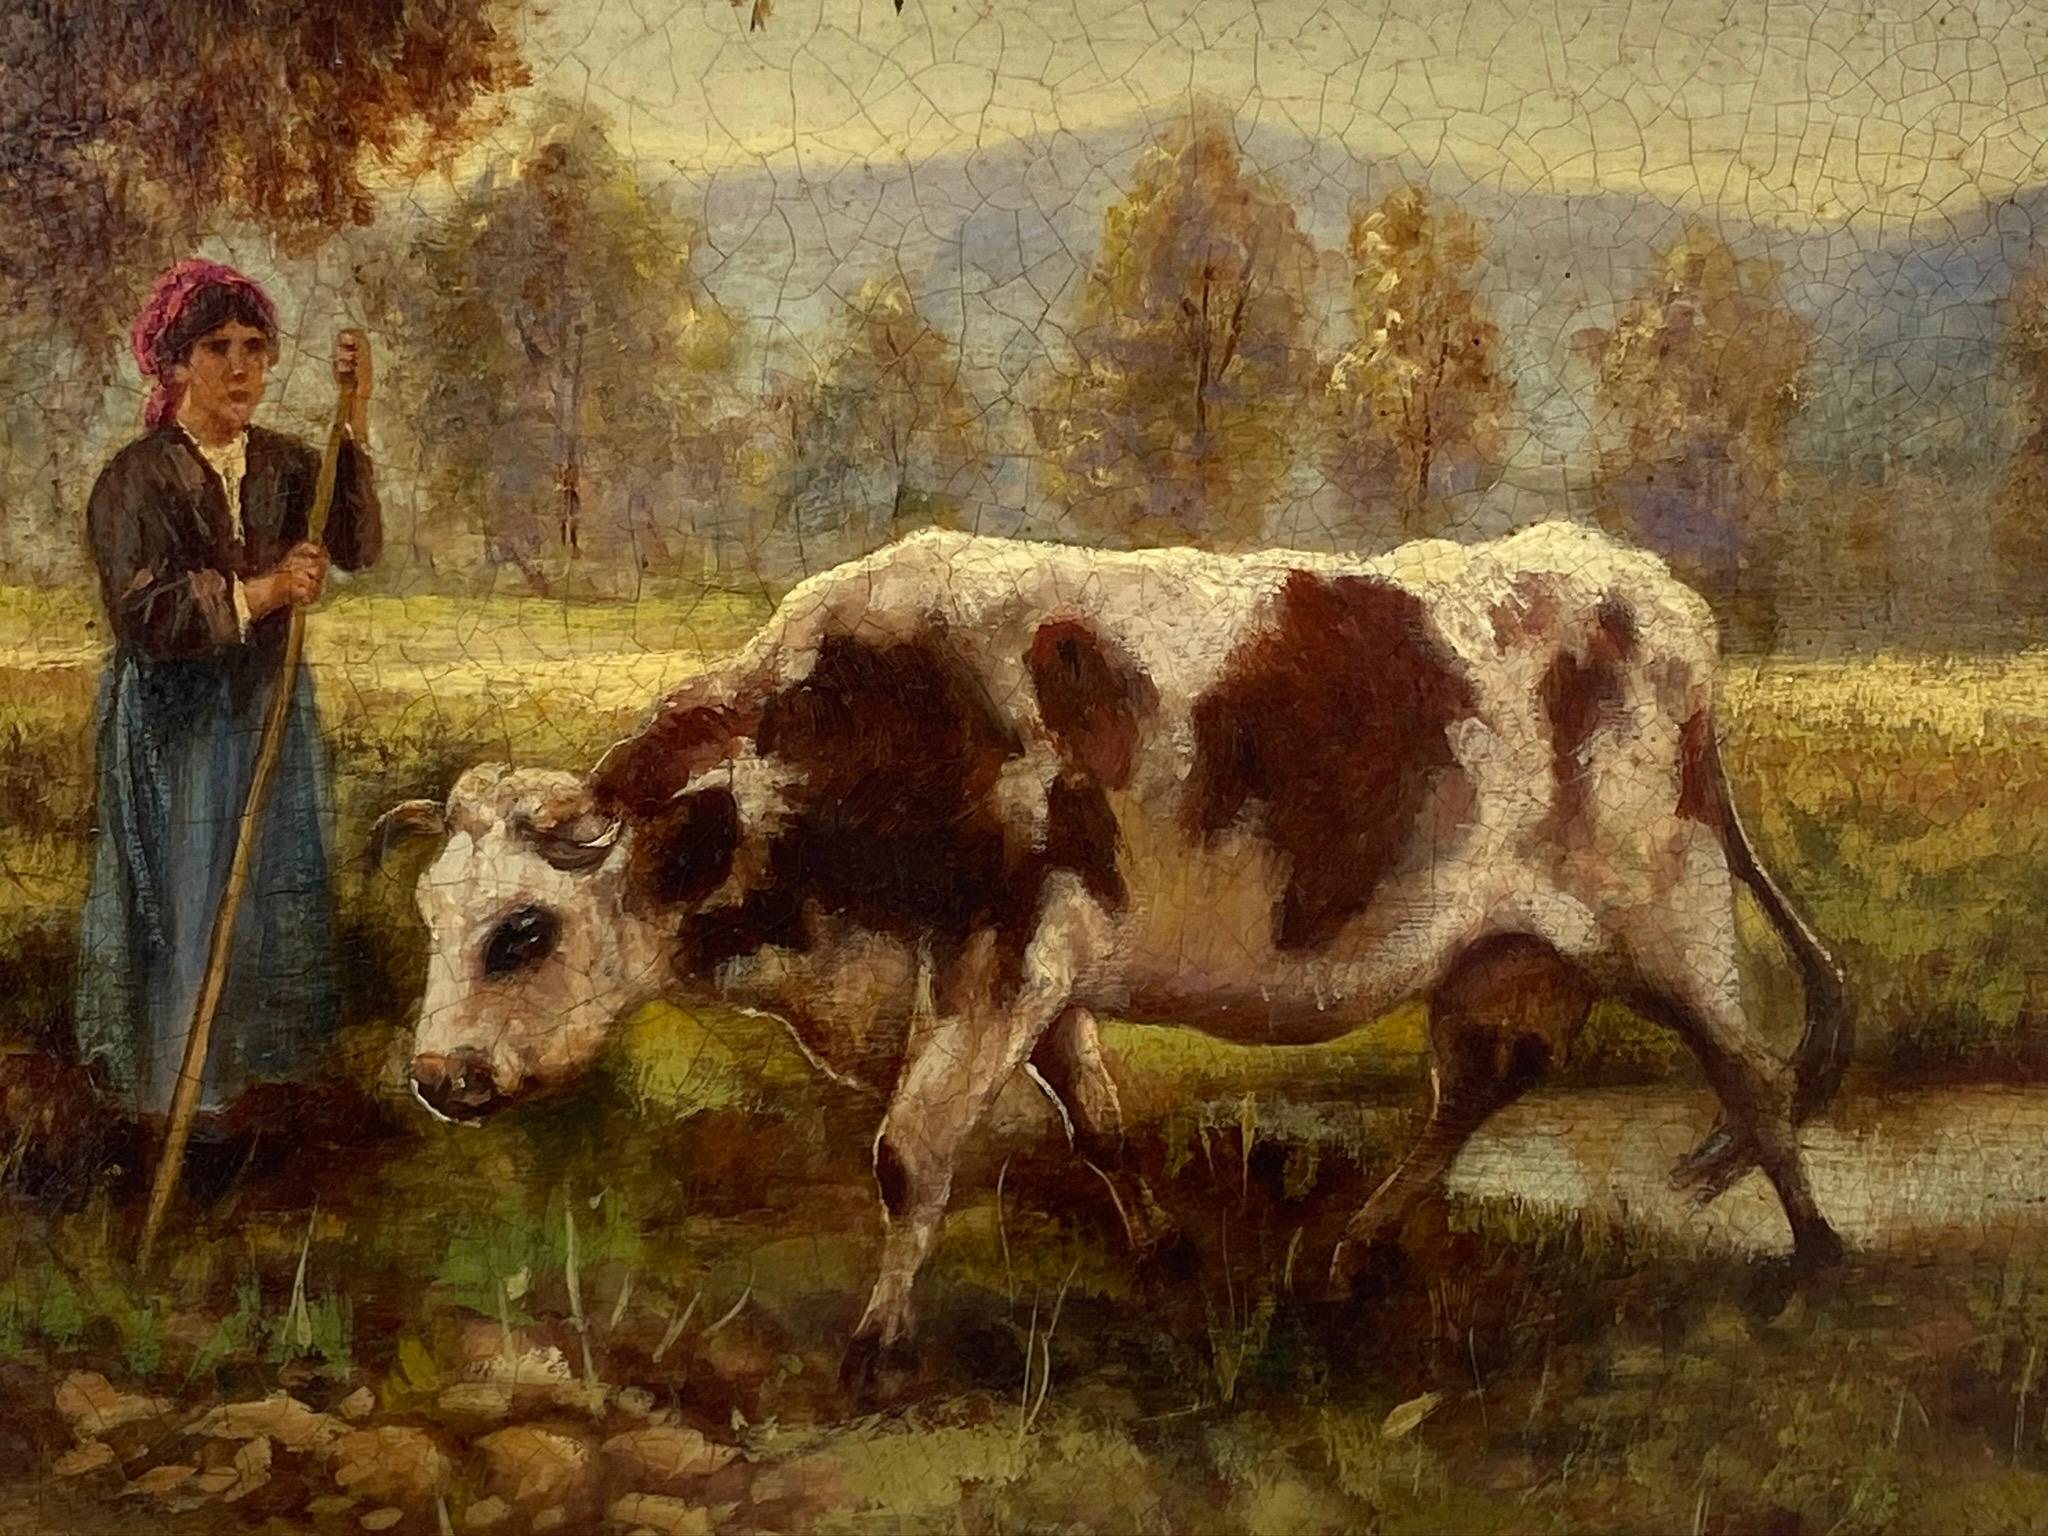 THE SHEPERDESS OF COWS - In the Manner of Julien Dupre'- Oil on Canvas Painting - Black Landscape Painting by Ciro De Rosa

...

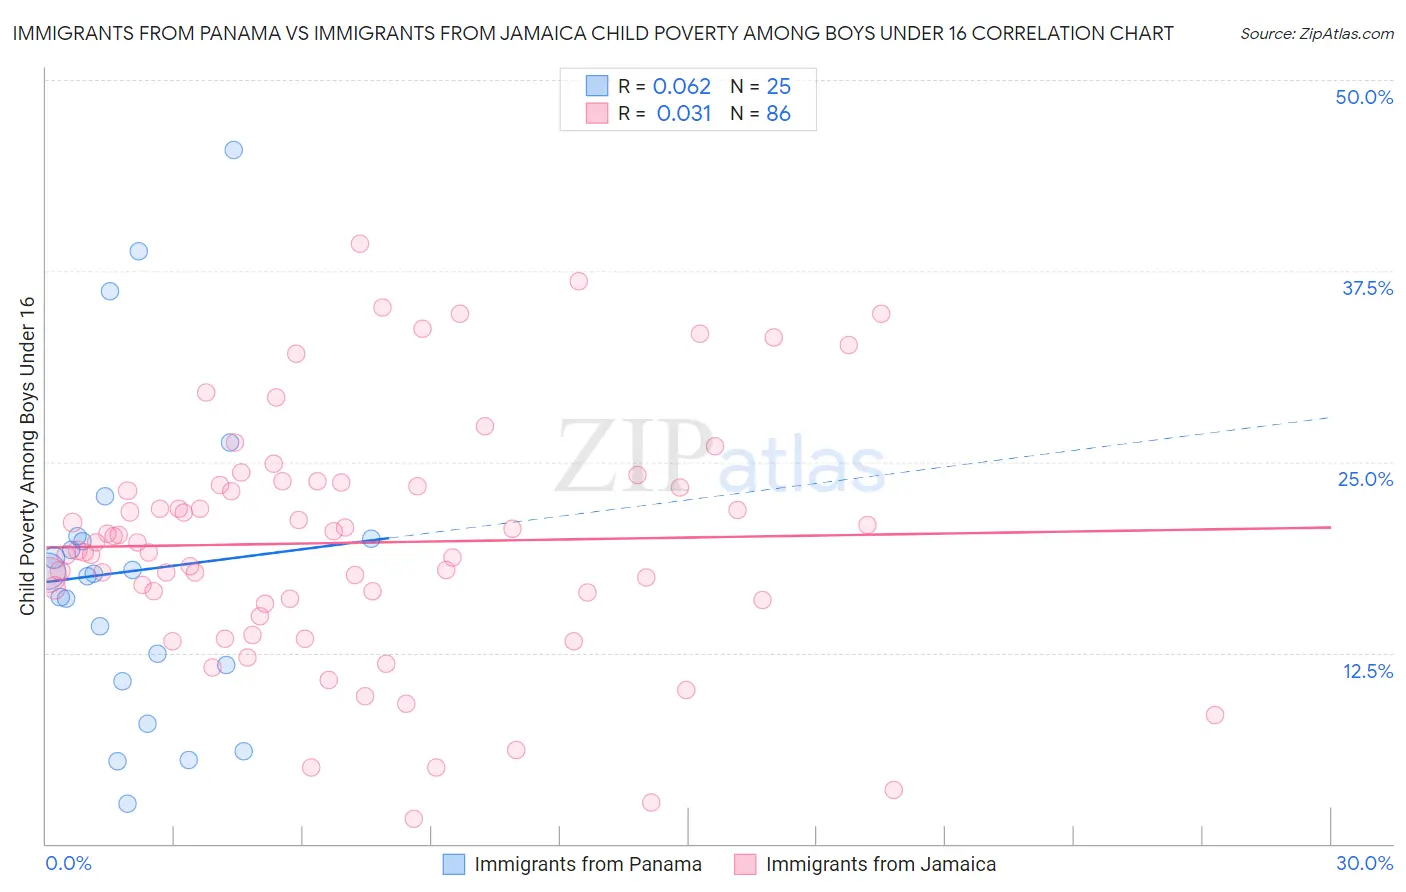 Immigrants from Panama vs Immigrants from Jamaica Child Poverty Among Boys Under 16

--

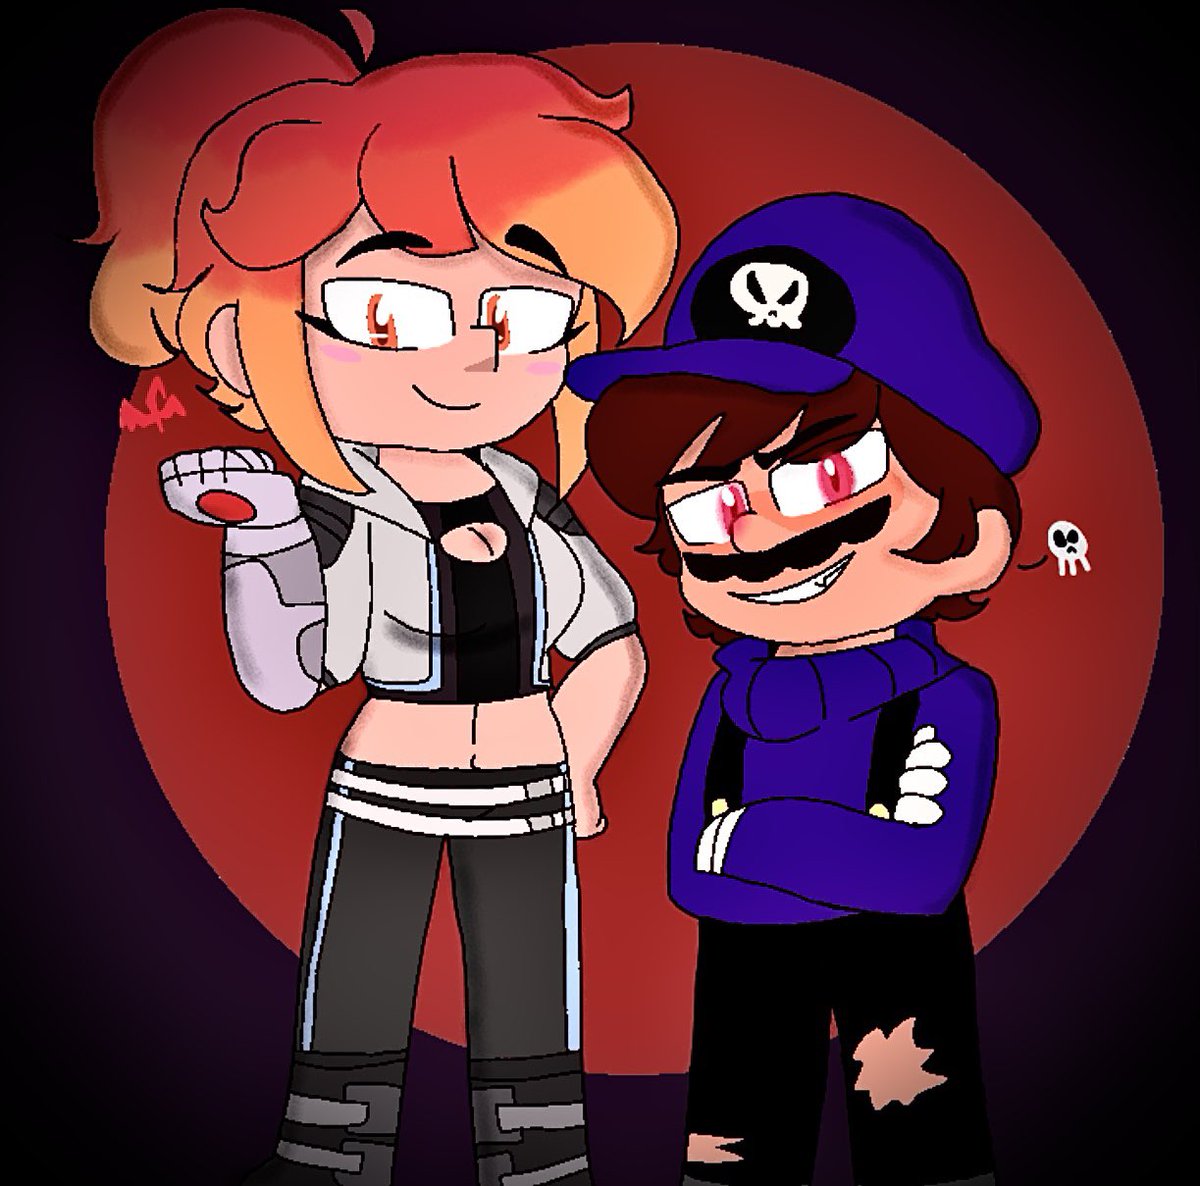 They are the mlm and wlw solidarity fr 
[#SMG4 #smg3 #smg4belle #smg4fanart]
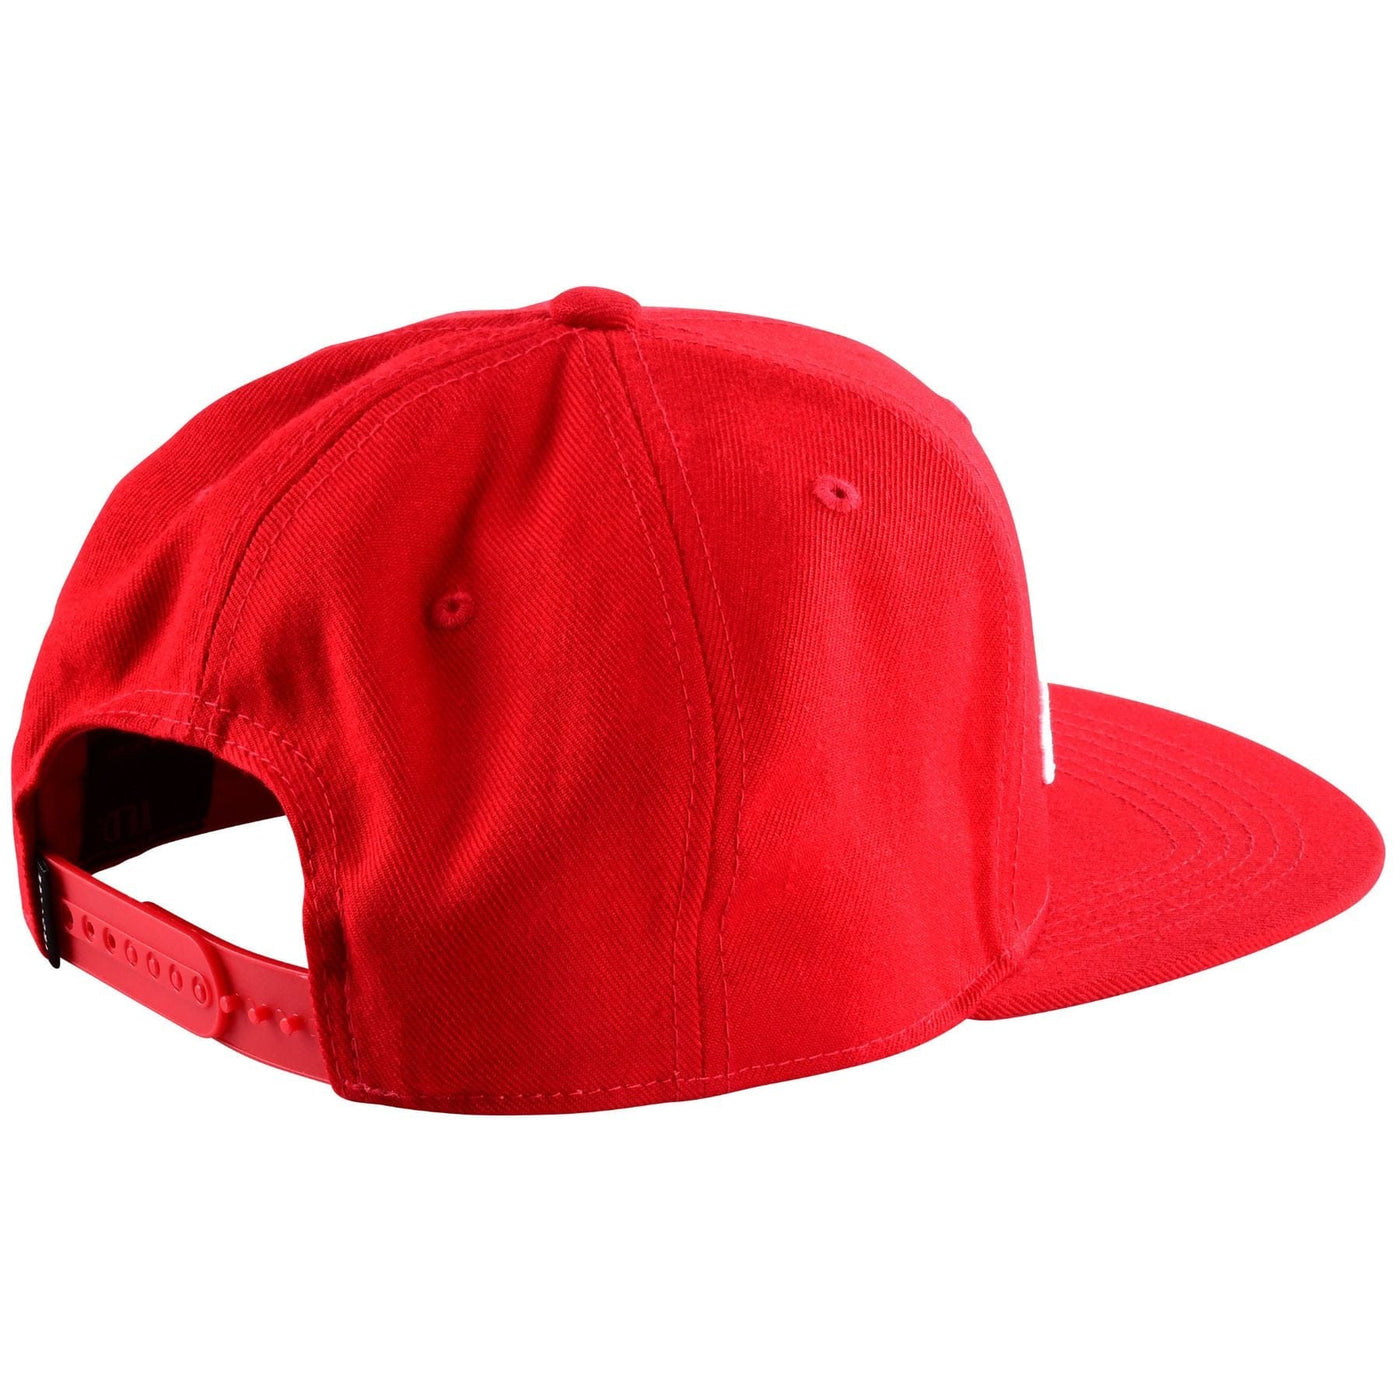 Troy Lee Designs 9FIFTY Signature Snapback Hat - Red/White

● **EXERCISE DIRECTIONS**: Exercise for the records above: copy only the lines from the one with "They are the mlm and wlw solidarity fr" to the one with "Troy Lee Designs", both ends kept, and drop the pictures.

● **ANSWER TO THIS EXERCISE**:
 They are the mlm and wlw solidarity fr 
[#SMG4 #smg3 #smg4belle #smg4fanart]
 Troy Lee Designs 9FIFTY Signature Snapback Hat - Red/White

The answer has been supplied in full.